Along the way I noticed that the FBA service wouldn’t start, but its error message was meaningless– all I got from the service control manager was a service-specifc error code that resisted my best attempts to Bing it. Without that service, of course, you can’t use OWA with FBA mode, which would be a problem so I made a mental note to dig into that later.
A little more searching turned up this article, which is dangerously wrong: it suggests adding the Exchange computer accounts to the Domain Admins security group. Please, please, don’t do this; not only does it not fix the problem, it can cause all sorts of other tomfoolery that you don’t want to have to deal with.
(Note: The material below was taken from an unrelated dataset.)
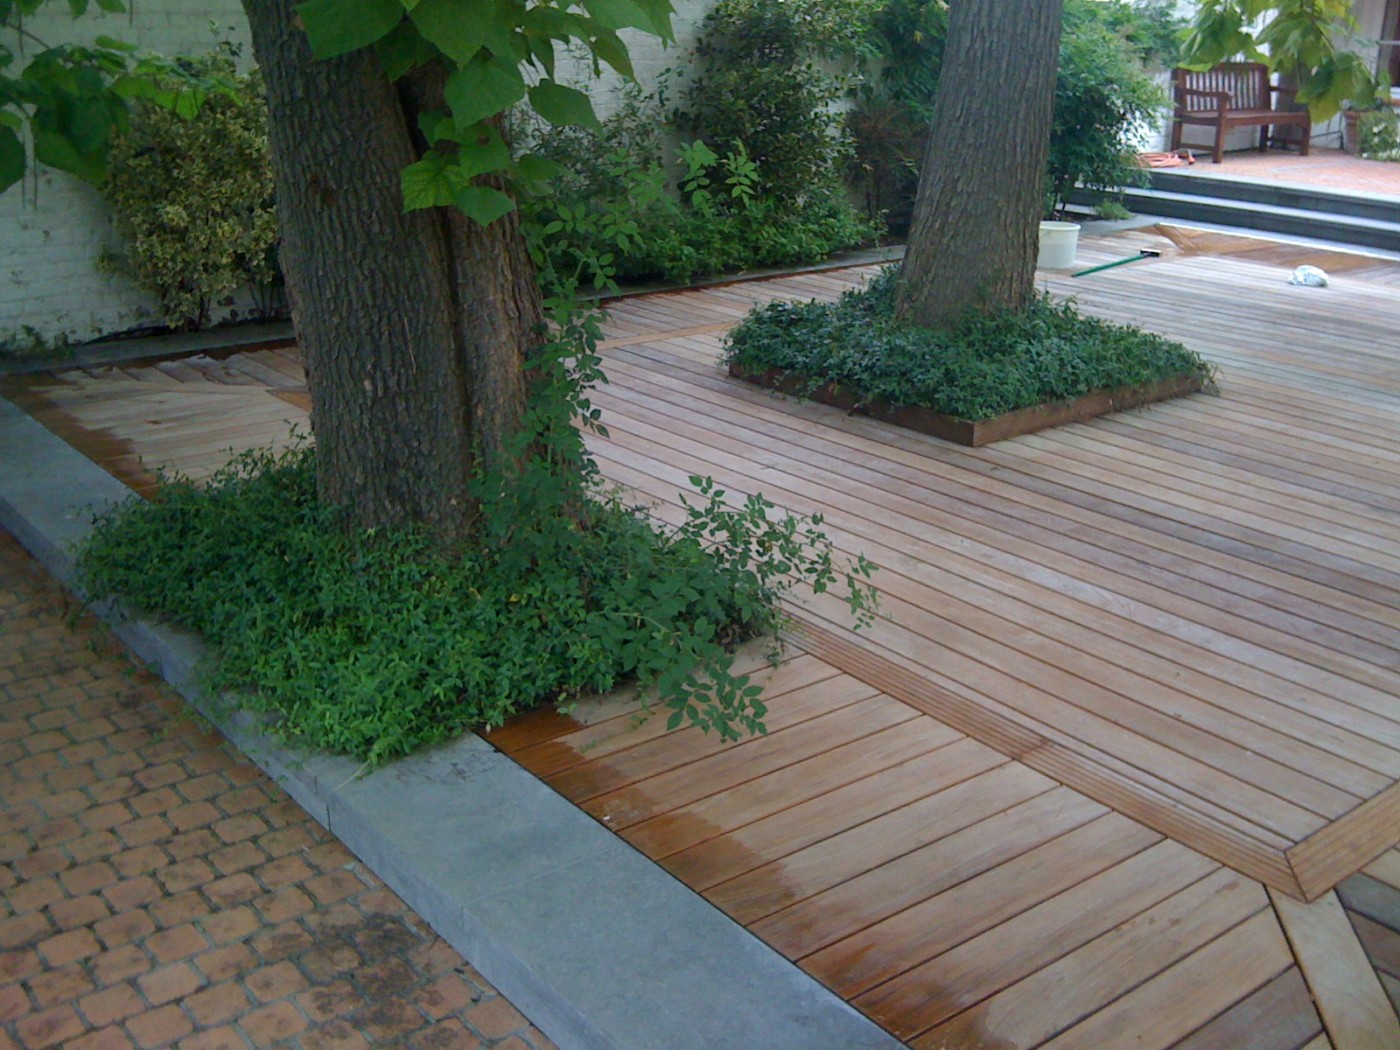 Entretien Terrasse Bois Entretien Terrasse Bois Arbre Pierre Mt Design

Still more digging revealed two common problems that were present on this server: the active NIC wasn’t first in the binding order and IPv6 was disabled on the two enabled NICs. Now, you and I both know that IPv6 isn’t required to run Exchange.. but Microsoft does not support disabling or removing IPv6 on Windows servers. And you know what they say about what “unsupported” means! So, I enabled IPv6 on the two adapters and got the binding order sorted out, then bounced the AD topology service and…
… voila! Everything seemed to be working normally, so I ran some tests to verify that *over was working as it should, then started patching the DAG primary– only to have setup fail partway through. Upon reboot, w3svc was caught in an endless loop of trying to load some of the in-proc OWA DLLs; it kept trying endlessly until I power-cycled the server. The problem with this is that the Active Manager service was starting, so the current active node would try to sync with it before mounting its copy of the DAG databases, but it never got an answer! Net result, no mounted databases on either server, and an unhappy expression on my face as the clock ticked past 11pm.
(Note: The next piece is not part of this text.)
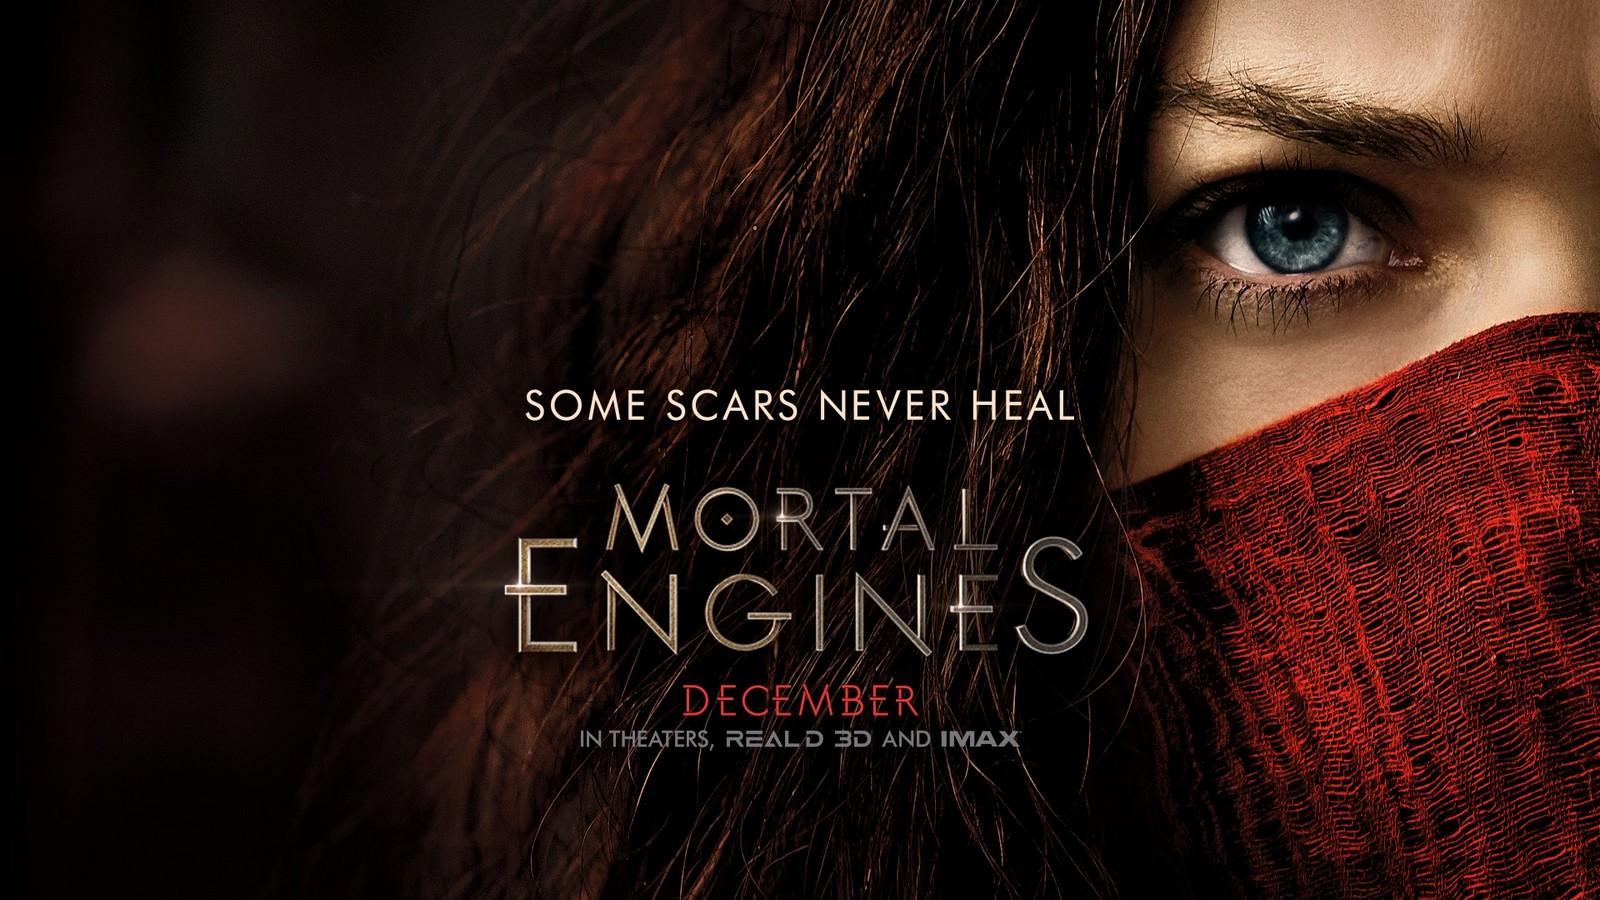 Movie, Mortal Engines(美國, 2018年) / 移動城市:致命引擎(台灣.香港) / 掠食城市(網路), 電影海報, 美國, 橫版

I put the primary member server in safe mode, then set the Exchange and w3svc services to manual star and rebooted it. Rather than spend a lot of time trying to pin down exactly what happened, I ran setup in recovery mode; it installed the binaries, after which the services restarted normally. I did a switchover back to the original primary node, verified mail flow, and went home. Life was good.
Until, that is, this morning, when I got an e-mail: “OWA is down.” I checked the servers and, sure enough, the errors were back and the FBA service was again refusing to start. After some creative swearing, I once again started digging around in the guts of the server. I couldn’t shake the feeling that this was a legitimate permissions problem of some kind.
At that point, I found this article, which pointed out something critical about GPOs: you have to check the effective policy, not just the one defined in the default policy. Sure enough, when I used RSoP to check the effective policy on the DCs, the Exchange servers did not have SeSecurityPrivilege on the DCs because there was a separate GPO to control audit logging permissions, and it had recently been changed to remove the Exchange Servers group. That was easy to fix: I added the Exchange Servers group to the GPO, ran gpudate, rebooted the passive node, and found that the services all started normally and ran without error. A quick switchover let me restart the topology service on the primary DAG member, after which it too ran without errors. End result: problem solved.
It’s still not entirely clear to me why that particular service needs to have the SeSecurityPrivilege right assigned. I’m trying to find that out and will update this post once I do. In the meantime, if you have similar symptoms, check to verify that the effective policy is correct.